Version: 0.1.0

Architecture Overview

Kthena is a Kubernetes-native AI serving platform built on a two-plane architecture designed for scalability, observability, and efficiency. The system separates control plane operations and data plane execution into distinct architectural planes.

High-Level Architecture

The platform comprises two primary planes:

Control Plane: Kthena's model-aware brain. It coordinates models, routes, and servers; validates and stages changes; applies rollout/rollback logic with safety guardrails; and surfaces status/health for clear visibility—focused on model lifecycle and traffic safety rather than cluster mechanics.
Data Plane: Kthena's runtime path.
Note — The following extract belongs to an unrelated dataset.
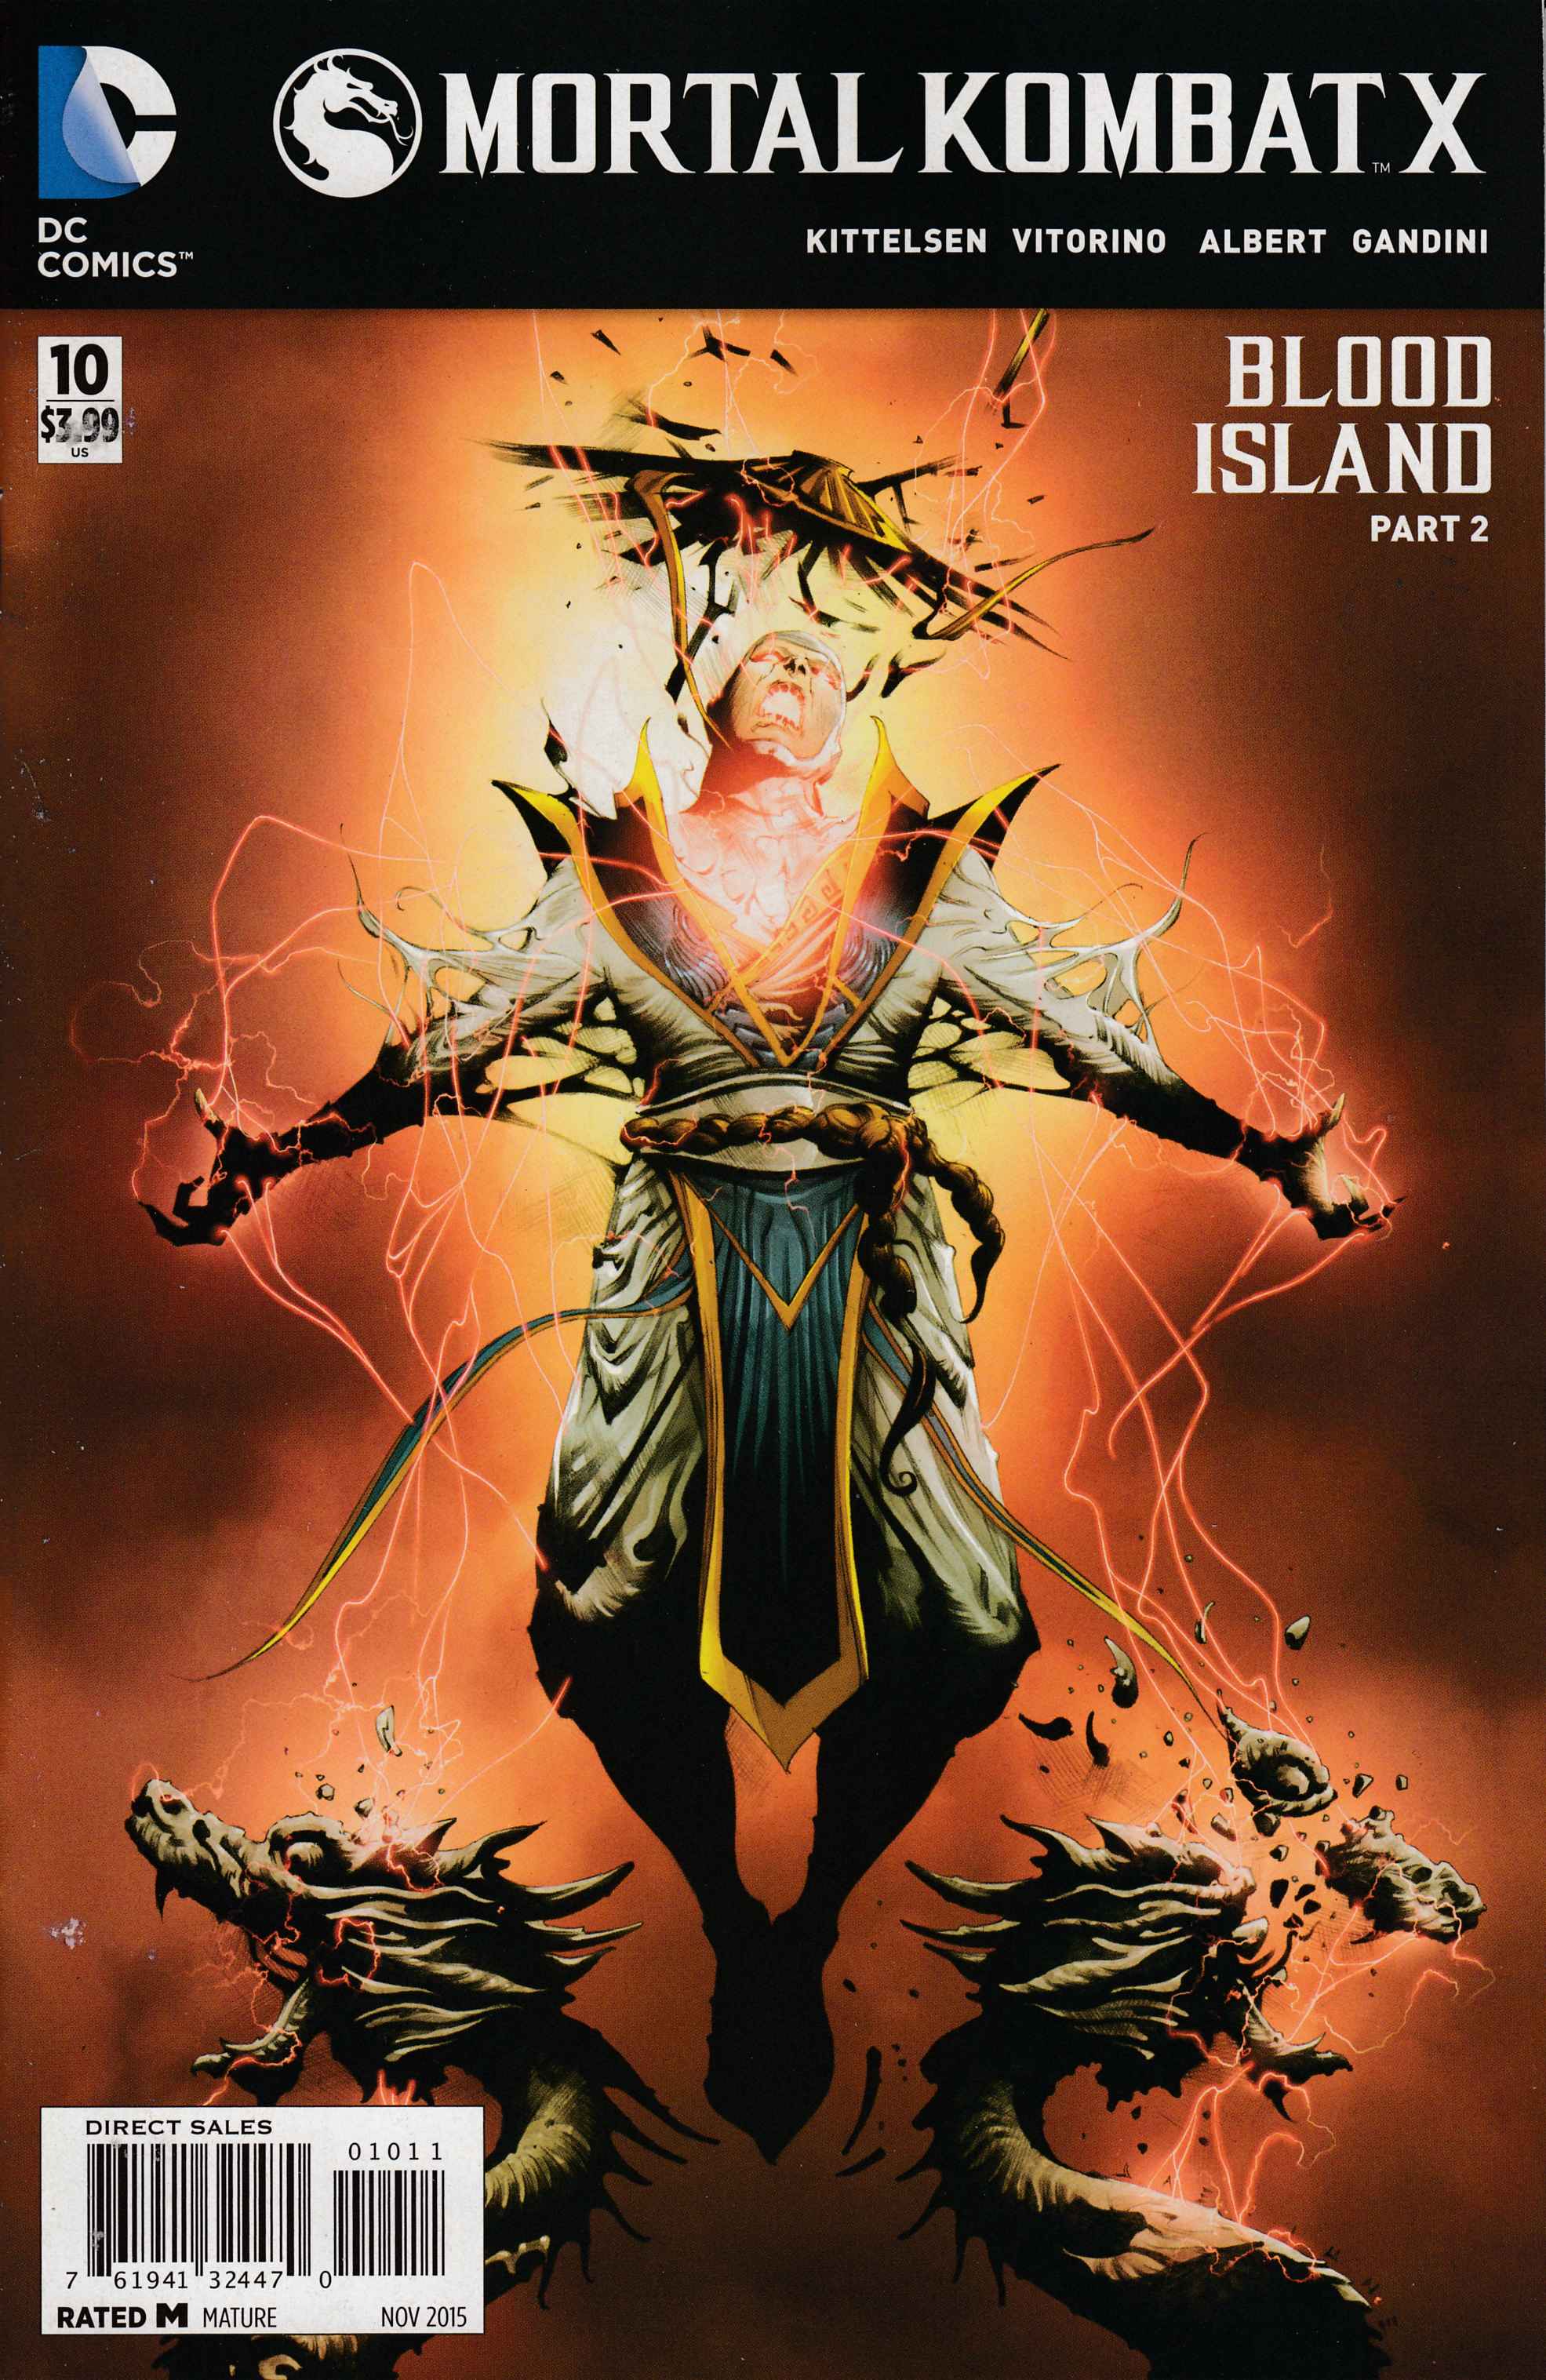 Mortal Kombat X Issue 5, Mortal Kombat Wiki

The Kthena Router authenticates requests, enforces rate limits and fairness, and uses a pluggable, model-aware Scheduler (e.g., LoRA affinity, KV/GPU cache and latency plugins) to pick the best replica. Role-based Prefill/Decode replica groups enable disaggregation and independent scaling for lower latency, higher throughput, and better cost.

Core Components

1. Custom Resource Definitions (CRDs)

Kthena extends Kubernetes with custom resources that provide declarative configuration for AI inference workloads:

ModelBooster – A high-level, opinionated API that captures model specifications and cascades creation/update/deletion of related resources (ModelRoute, ModelServer, ModelServing, autoscaling artifacts) to deliver a one-stop model deployment experience.
ModelRoute – Declares routing intent and traffic control: matches by modelName, loraAdapters, and HTTP attributes (path, headers); supports rule-based routing with weights, canary/A–B strategies, and optional token-based rateLimits.
ModelServer – Defines service exposure and traffic policy for backend inference pods: specifies the model and inference framework/engine, discovers pods via workloadSelector (including role-aware groupings such as Prefill/Decode), and applies traffic policies (retries, timeouts, connection settings) for healthy endpoint publication.
ModelServing – Manages inference workloads as ServingGroups with role-based replicas (e.g., Prefill/Decode), supporting configurable entry/worker Pod templates, recoveryPolicy, topology- and gang-aware scheduling, rolling upgrades, and a dedicated scheduler.
AutoScalingPolicy – Specifies autoscaling rules: metric endpoints and triggers (CPU, memory, custom), target thresholds, and scaling behaviors (up/down rates, stabilization and panic windows) for automated replica management.
AutoScalingPolicyBinding – Attaches policies to target ModelServing workloads, supporting two modes: scalingConfiguration for metric-driven scaling of a single target and optimizerConfiguration for cost-aware distribution across heterogeneous instance types and engines (e.g., H100/A100).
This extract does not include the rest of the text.